“Oh man, you sound exactly like you did back then. You were always telling me off for something. And you’d always say my name just like that. Not just Brodie. It was always Brodie Kent.” Brodie smiles as he passes me and does that annoying thing with his eyebrows. “I liked it,” he says.
I fight to suppress a gush of giggles that refuse to lie down.
“We should go and patch up the treehouse.” Brodie almost runs along the track. “What do you think? Put in a hot tub. Maybe a bar.” He stops, turns, and waits for me. “That would be so much fun, wouldn’t it?”
“Yes. But…”
“But what?”
“Don’t you have to be somewhere?” I ask gently in the dappled sunshine. We face each other. “You are a star player in a super league team, so how long are you planning on hiding?”
“I’m not hiding,” Brodie says looking at the ground. “Maybe a bit. I’m waiting for things to blow over. That’s why I’m here. Management said I should lie low until the inquiry is resolved. Disappear for a few days, they said. Just until the PR machine has dealt with it. It’ll be over soon. Then I can go back to playing football. Everything forgotten.” Brodie looks deep into my eyes. I sense he wants to say more but he turns away and starts walking down the track again.
“Do you want to talk about it?” I call after him.
“No. Not really.”
“Okay.”
Chapter 18
Brodie
The temperature rises the further down the track we go, which begins to drop steeply in a series of winding zigzags. I stop to drink some water, then look around and listen. Rita is ahead of me. She moves with ease and sure-footed grace on the uneven ground. Her long slender legs stride with purpose. Rita shows no sign of effort in carrying a backpack. She glances back over her shoulder and smiles before striding on.
I imagine staying out here in the forest with Rita, without the outside world getting in our way. How long could we wander around out here? A few days? A week? How wonderful. Just the two of us.

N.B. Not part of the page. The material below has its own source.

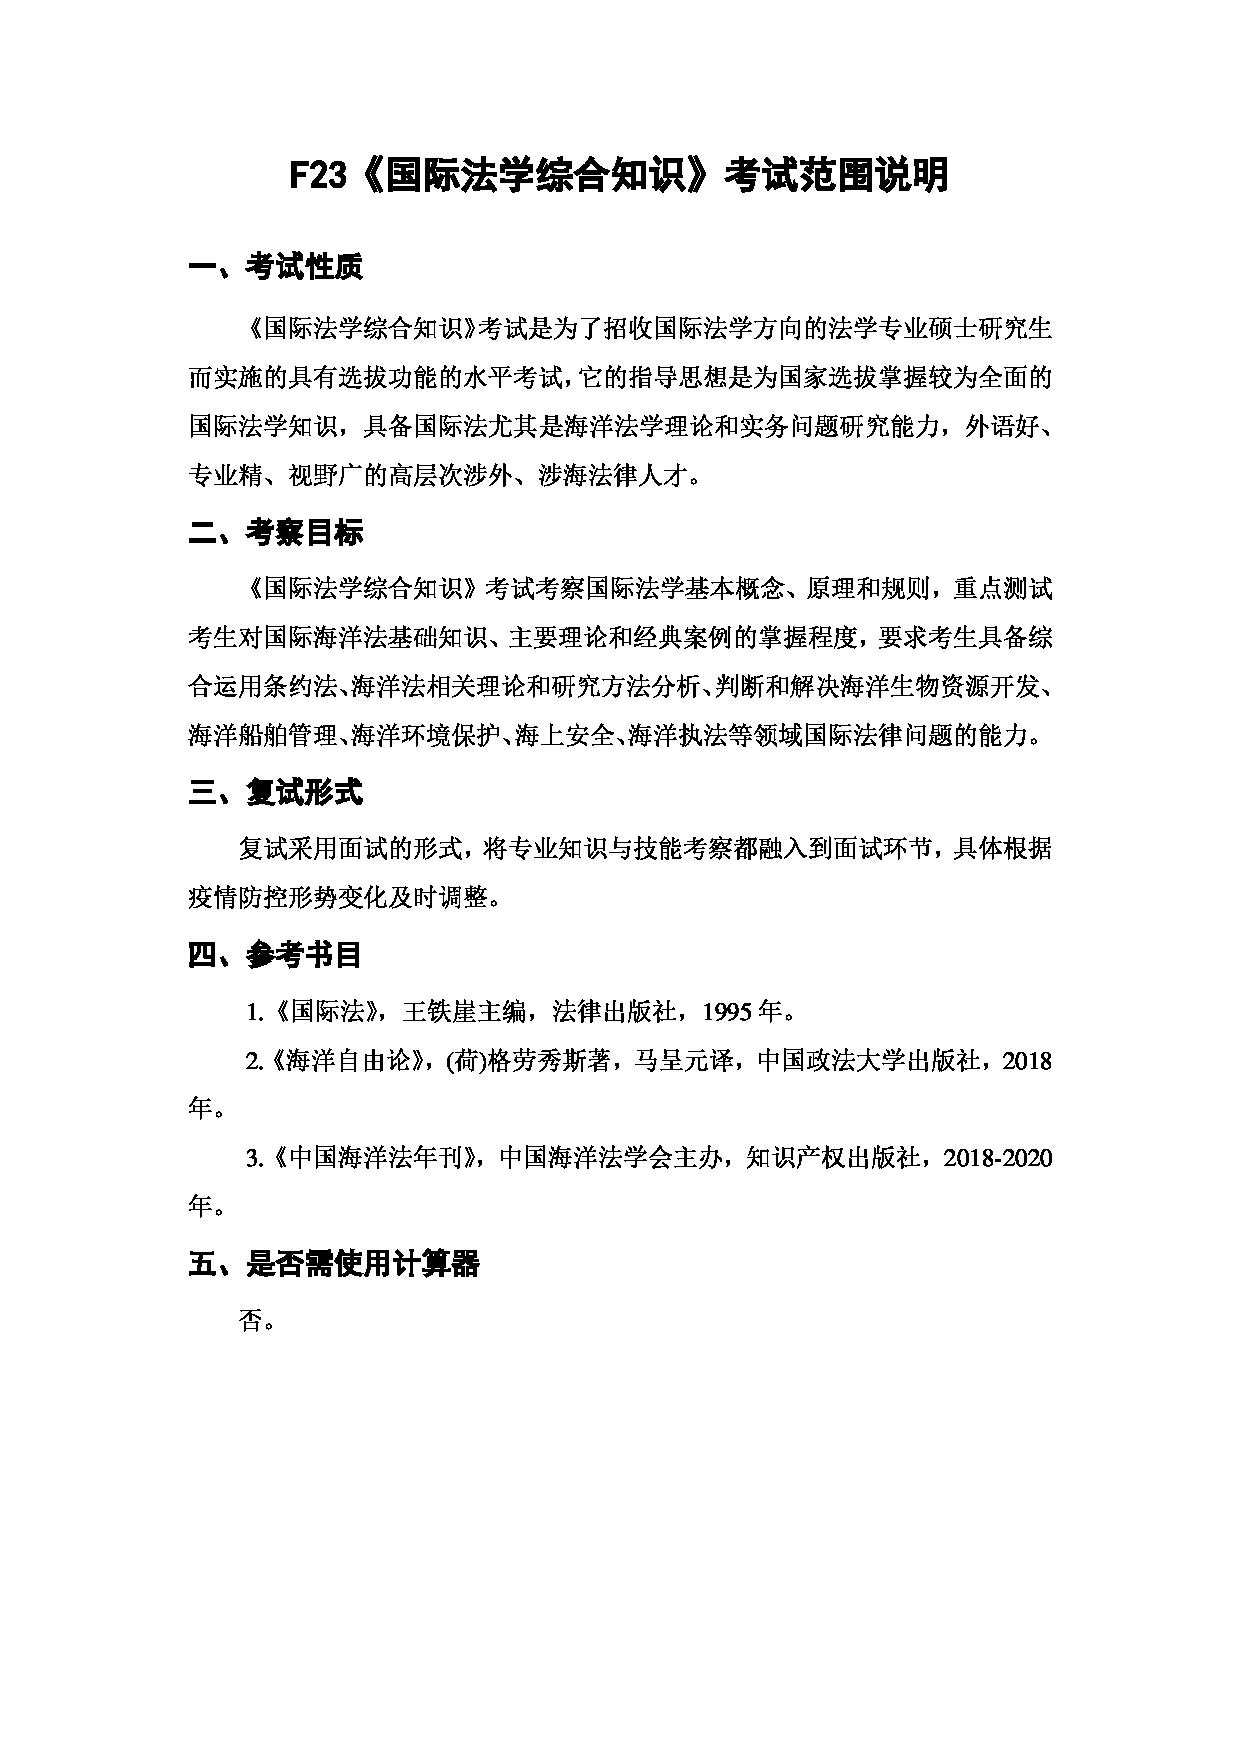 上海海洋大学2023年考研自命题科目 F23《国际法学综合知识》 考试范围第1页

Wild and free. Time has taken on an elastic fluidity and I’m not even thinking about… But I guess I am.
Rita is right. I am hiding. I don’t want to think about the inquiry, but it lurks in the back of my mind like the worst kind of uninvited house guest. I get glimpses of simplicity and relaxed freedom of being on the trail, but the reality is my career and my whole life are hanging in the balance; held to ransom by a woman I only met once.
I know how it looks. Staying away from the ugly allegations surely makes me look guilty as charged. Cowardly, even. And that’s not me. So, no. I can’t stay out here in the wilderness, no matter how appealing hanging out with Rita may be. I need to be present to clear my own name. As difficult as it is, I need to sort the whole thing out. Present my side of the story. I can’t hide behind the team’s lawyers and public relations circus. I need to front up, take charge. It is my life and my reputation, as well as the team’s, that are at stake. What’s that they say? Got to face the music. Something like that.
I pick up a pinecone and throw it at Rita. It whizzes past her head causing her to stop in her tracks.
She turns and shouts at me, “Brodie Kent. Did you just throw a pinecone at my head?”
I laugh and start walking again.
“If I had thrown it at your head...” I stop to lean casually against a tree. “…it wouldn’t have missed.” I turn my cap backward, then fold my arms.
“You did throw it! For crying out loud!” She’s doing her best to be annoyed but her laughter gives her away. “You are such a child.”
“I’m a child? I’m not the one still hung up on something that happened years ago.”
“I’m not hung up on anything, Brodie Kent.” Rita stalks off.
“No?”
She turns around and yells, “No!”
“So, you’re not still mad about being left out of building the treehouse?”
“What are you talking about?” Rita looks puzzled. Her brow furrows. “No.”
“Are you sure?”
“Yes, Brodie.”
“Well, it must be something else, then,” I say too quietly for Rita to hear.